The Major lets out a long sigh at the conclusion of the call, then picks up her shot glass and drains it, throwing her drink back all at once. The ice in it has long melted, so it does not clatter against her teeth, and she swallows, her face turned upward to the dim light. Then she pays for their drinks, slides off her barstool, and starts to leave, even as Batou is finishing his own drink. He pauses to slide an extra tip to the bartender for putting up with them the whole evening, and then catches up with her in the street. 

“Going home?” Batou asks her, as he climbs in the passenger seat of the car. 

“I don’t know,” she says, making a show of adjusting the rear-view mirror. More displacement activity.

“Is there anything I can do for you now?” Batou asks her, and she turns to look at him, her face soft, sad, lost. 

“Could you come and stay with me today?” she asks him silently, unable to say it with her throat and mouth. “I don’t know if I can be alone right now.”

“Always,” Batou murmurs, answering her in kind. 

—

4:17 AM, Niihama City, Hyogo Prefecture Standard Time, GMT+9

The Major is on top of Batou the moment they get in the doorway, and he pushes her back against her armored door, careful not to trip the security as she kisses him softly, desperately, her lips still tasting of the whisky she drank. He lets his hands slide down her back, around her waist, and reciprocates each kiss hungrily, eagerly. He traces the line of her jaw and the curve of her neck with his lips, kissing her through the high roll neck of her sweater, and her fingers tangle in his hair as she guides his head, pushing lower and lower as he stoops to warm her synthetic skin with his breath, to nibble lightly at the undersides of her breasts with his teeth. 

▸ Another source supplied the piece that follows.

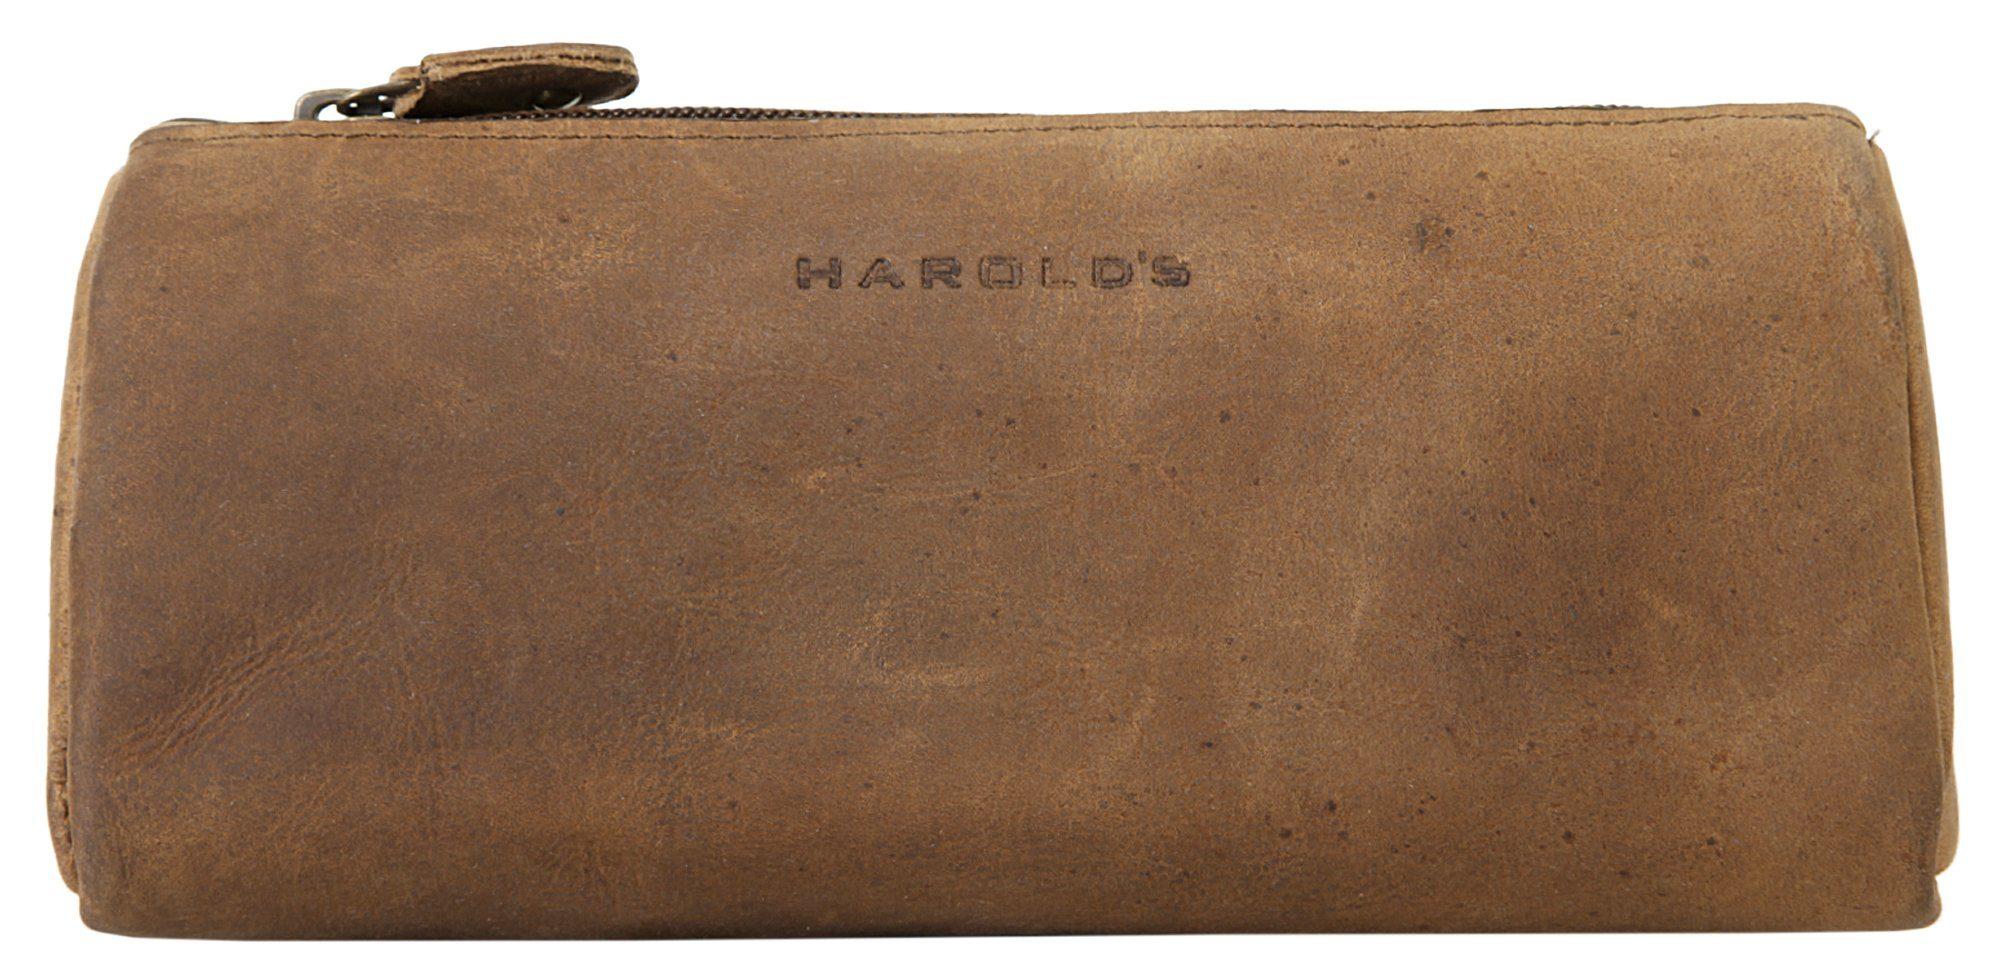 Harold's Brieftasche

This isn’t the first time they’ve done this. It’s not professional to sleep with your commanding officer, not especially if you’re second-in-command, but they’ve always found loopholes in which to act on their desire for each other. Like the time two years and some change ago when Section 9 was dissolved, and rank ceased to matter between them. They had fucked hungrily, bruisingly, joyously, in the few moments that they could. But this time is different, Batou senses, because there is no loophole this time round. It’s a fundamental breach in their unspoken agreement to stay professional while on the job, and he would suspect the reasons that led the Major to this decision, if he weren’t so tired and lonely and in need of comfort himself. So he does not question her desire, or her acting on those desires, in these molten minutes, and only chooses to lose himself in her, and to comfort her in return. 

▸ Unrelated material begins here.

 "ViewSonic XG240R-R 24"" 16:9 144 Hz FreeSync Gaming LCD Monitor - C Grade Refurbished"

He kisses his way down her hard, smooth belly as he drops to his knees before her, kisses his way up the fly of her jeans, and she shivers in anticipation as he unbuckles her belt. The cold metal button on her fly presses hard against his chin as he kisses her on the sensitive skin above her waistband and unzips her. The door groans softly behind her as her knees begin to go, and he’s tugging her jeans down, tucking his fingertips under the elastic waistband of her panties. 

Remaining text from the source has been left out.